In some cases, the detectors continue to go off after their installation, leading to wide-spread fear that a larger issue is to blame. Austin Assistant Police Chief Troy Gay said "We would not be doing our due diligence if we did not plan for the contingency of pulling all the utility vehicles out of the fleet", although he would like that to be a last option

Currently, there are 439 Ford Explorers being used by Austin city employees, and 397 of those are police vehicles. The Explorers make up 61% of total vehicles in the police department. Forty of those police Explorers are out of service due to concerns about the carbon monoxide, and four have been repaired and placed back in service.

Assistant Chief Gay said, "Some of those vehicles are assigned to support units and some of those are on the front line." He said that front-line vehicles have to be a certain type, and that the agency has enough unmarked, pursuit-ready cruisers to swap out all of the Explorers.

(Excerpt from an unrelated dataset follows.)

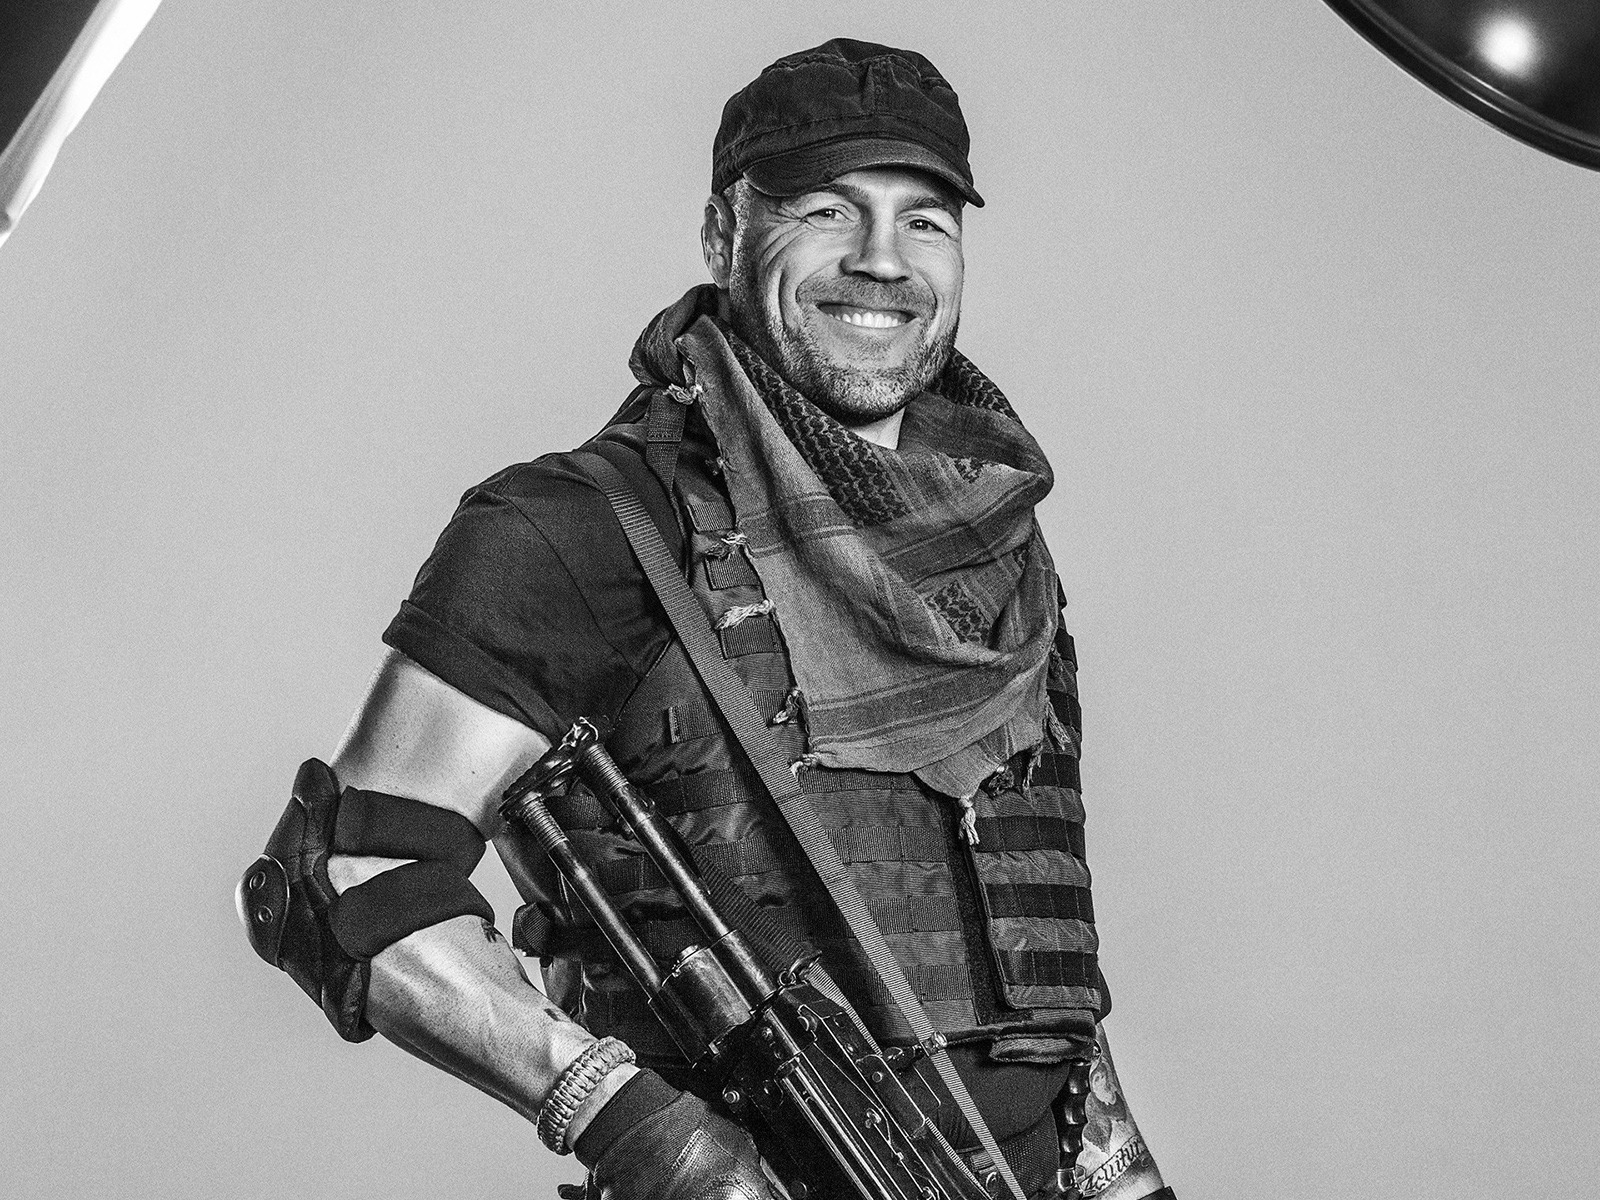 Randy Couture The Expendables 3 for 1600 x 1200 resolution

He also said, “What we’re looking at right now is identifying all the vehicles that we have in the fleet — both support and on the line — and figuring out without impacting our mission, how we can redistribute potentially these vehicles."

In a 2015 deposition, a Ford company representative said that there appears to be a “design issue,” and that they were working on it. The company has not notified customers and maintains that the issue poses no safety risk. The issue is believed to occur while accelerating with the air conditioning active and in circulation mode.

Future options include two officers riding together in non-utility vehicles. The priority, according to Assistant Chief Gay, are front-line officers. He said, "For the safety of our officers, if we need to pull these vehicles, we will. We are going to take proactive measures to make sure that our officers are safe. That is the number one concern."